I noticed my boyfriend acting weird and I confronted him about his behavior. He finally admitted that he had a hard day at work and that he didn’t want to burden me with his problems.
Perhaps your boyfriend feels the same way and doesn’t want you to get caught up in his personal affairs which is rubbing off on his behavior towards you.
5. My boyfriend is acting weird because He feels overwhelmed
Are you and your boyfriend in a serious relationship? Have you begun discussing what the next steps of your relationship should be?
Perhaps your boyfriend is acting weird because he feels overwhelmed by how quickly things are moving.
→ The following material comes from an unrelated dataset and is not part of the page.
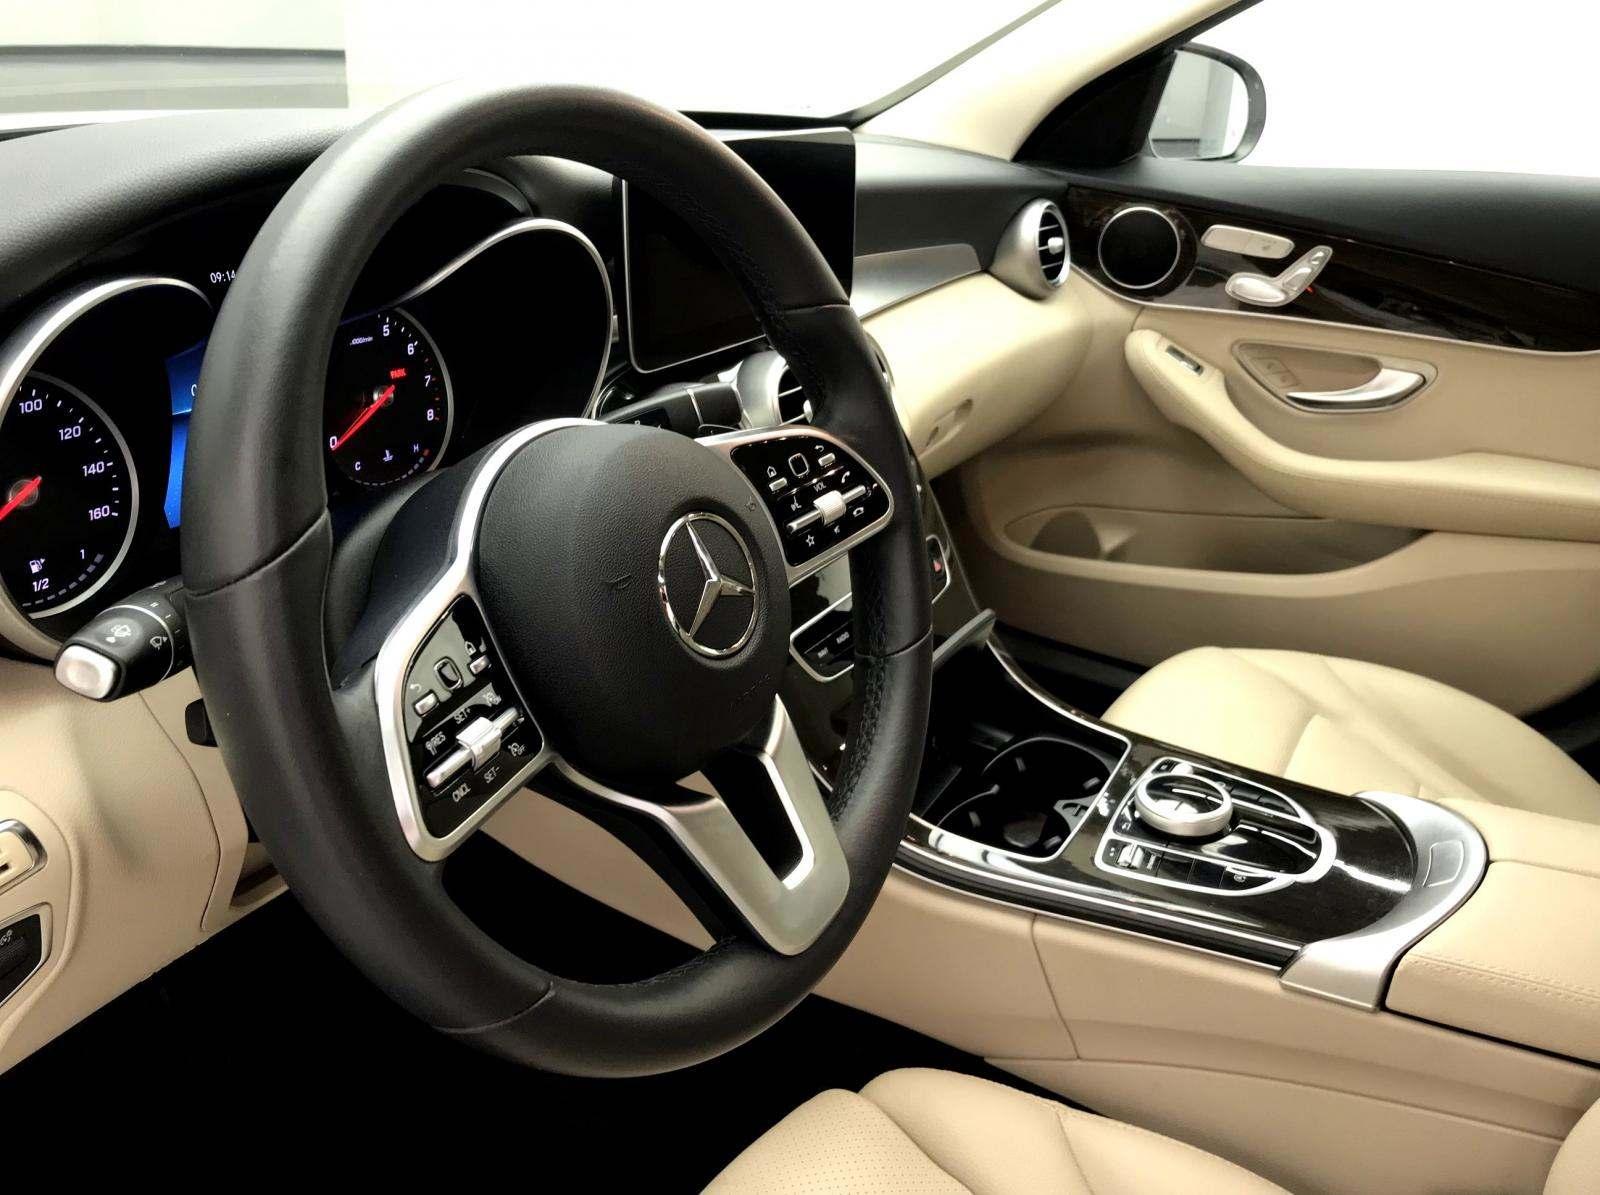 used Mercedes-Benz C-Class 2019 vin: 55SWF8DB5KU286630

Or he’s not ready to move forward with this relationship and doesn’t know how to express this with you.
If this is the case, this doesn’t necessarily signal alarm bells but it does indicate a need to discuss how he feels about this relationship before taking any further steps together.
6. He’s having second thoughts
Similarly, another reason “My boyfriend is acting weird” is because he’s having second thoughts about this relationship.
This is a hard truth to consider but often when a partner starts withdrawing, one of the reasons could be that they’ve had a change of heart regarding the relationship.
It doesn’t necessarily mean this could be the case in your relationship. The only way to know why is my boyfriend acting weird is by having a conversation with him.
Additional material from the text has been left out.